At the original pricepoint (£29.99) this book was rather hard to justify purchasing, when you consider that most of the imagery is available online and that there’s only so much that can be said about the minutiae of creating pixel graphics and the tricks used to give the suggestion of more detail. I’d advise checking it out first hand before splashing the cash, unless you can’t get enough of this stuff (and have an eboy bedspread).

The Video Games Guide
Matt Fox
Boxtree, £16.99
ISBN: 978-0752226255

Five minutes flicking through this book was enough to know that it should be avoided. It’s an extraordinarily incompetent attempt to create a Halliwell-style guide to games, an ambitious and worthwhile objective which is frustrated somewhat by the fact that whereas Halliwell’s Film Guide boasts 23,000 entries selected by a staff of editors and contributors, “The Video Games Guide” contains fewer than 1,000 entries, selected in stream of consciousness fashion by one guy who nobody has ever heard of.

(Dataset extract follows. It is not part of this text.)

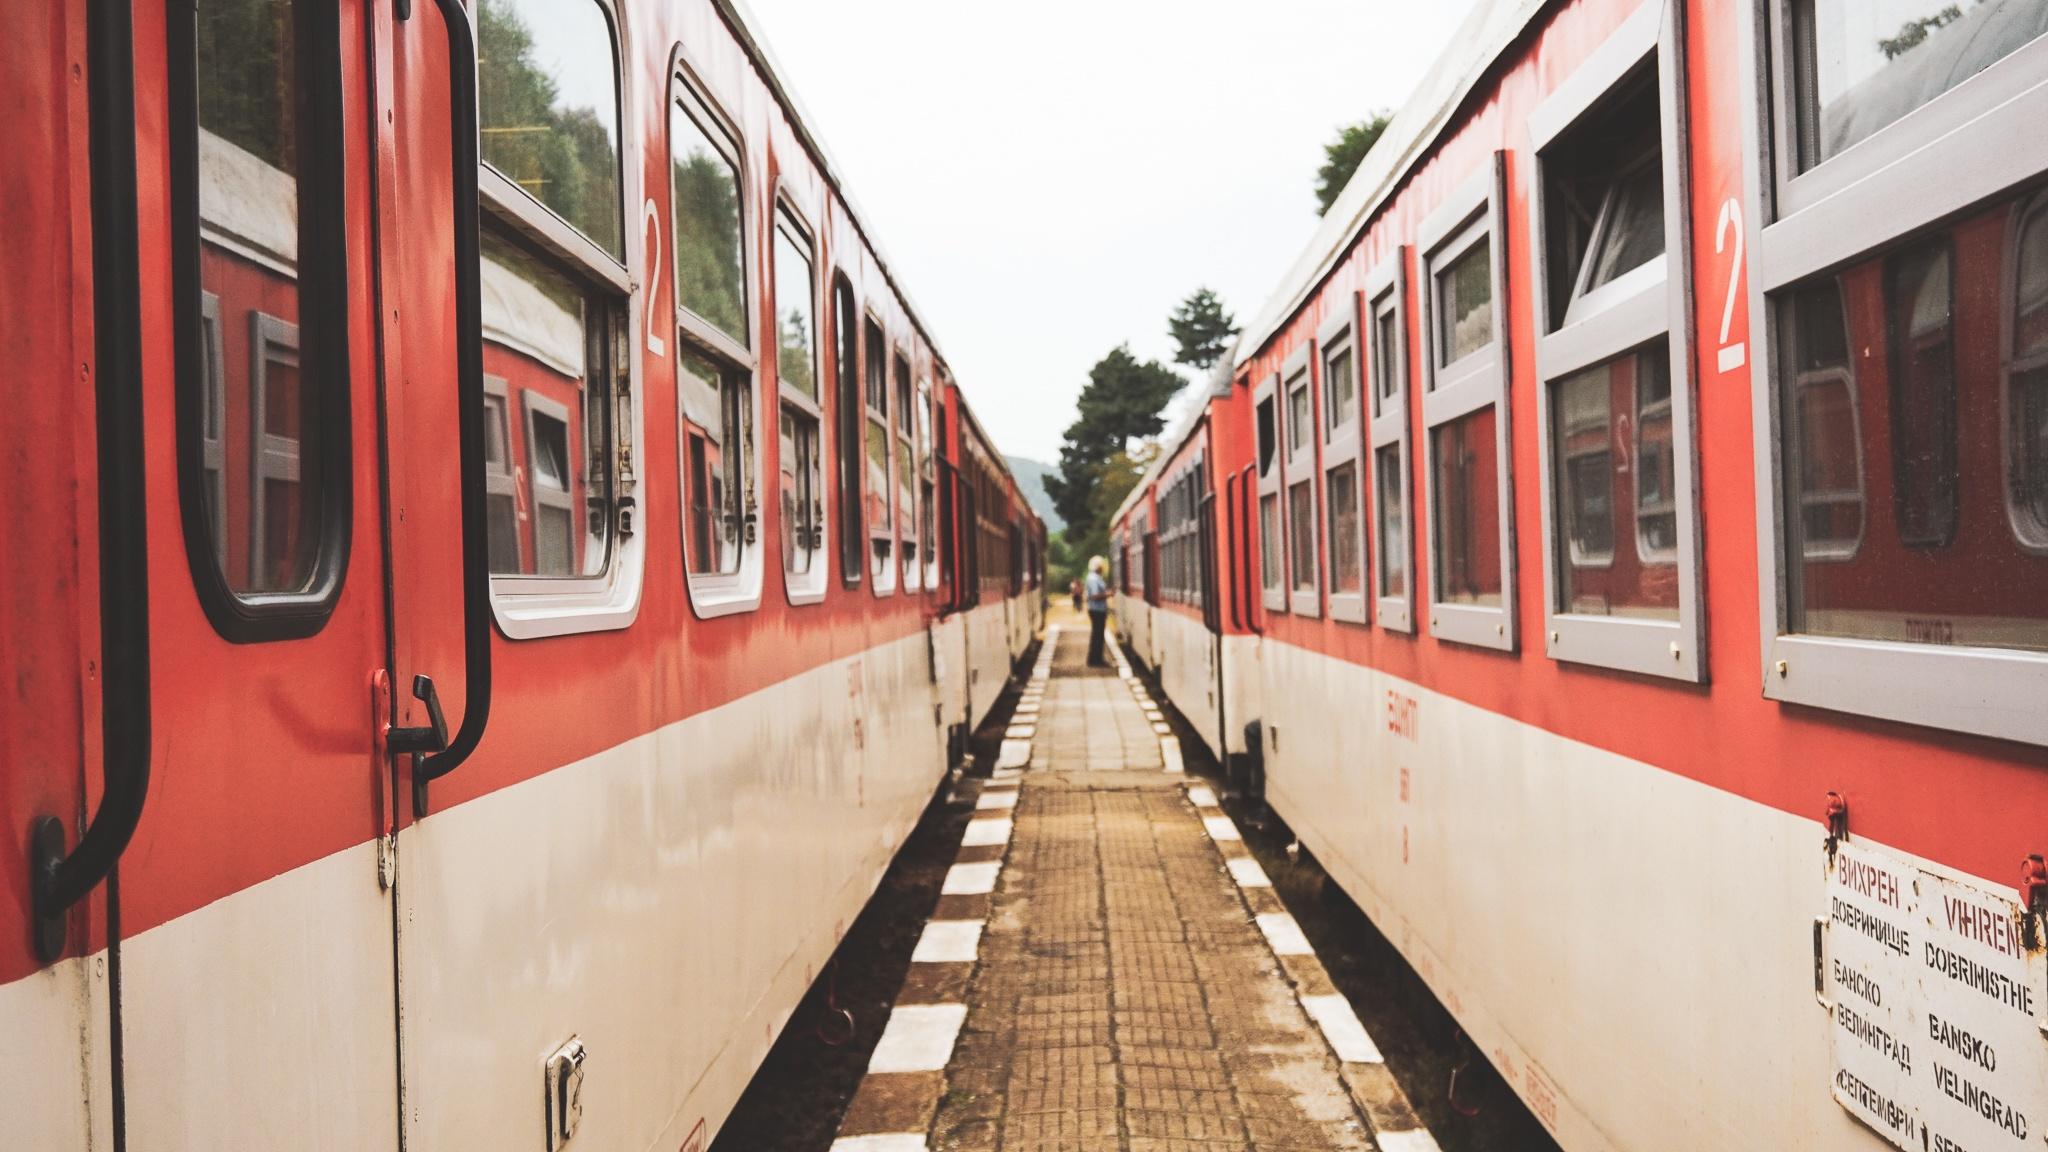 The Rhodope Narrow Gauge Train

The paucity of material is emphasised by the space-wasting layout (where even a redirection entry takes up roughly one eighth of a page), and waffling, anecdotal descriptive prose which manages to be impressively obtuse (for example the entry on Pong avoids any use of the word “tennis”). It’s hardly worth pointing out that the book lacks an adequate system of notation for indicating platforms, developers, publishers, alternate titles or any other reference data.

As a result of these shortcomings, whether by intention or simply through lack of ability, the Guide comes across as a cynical cash-in squarely aimed at nostalgia-blinded lapsed gamers. Unfortunately, at the moment it’s the only book of its kind available (apart from the Digital Press guides, which are closer to collector’s catalogues than review guides).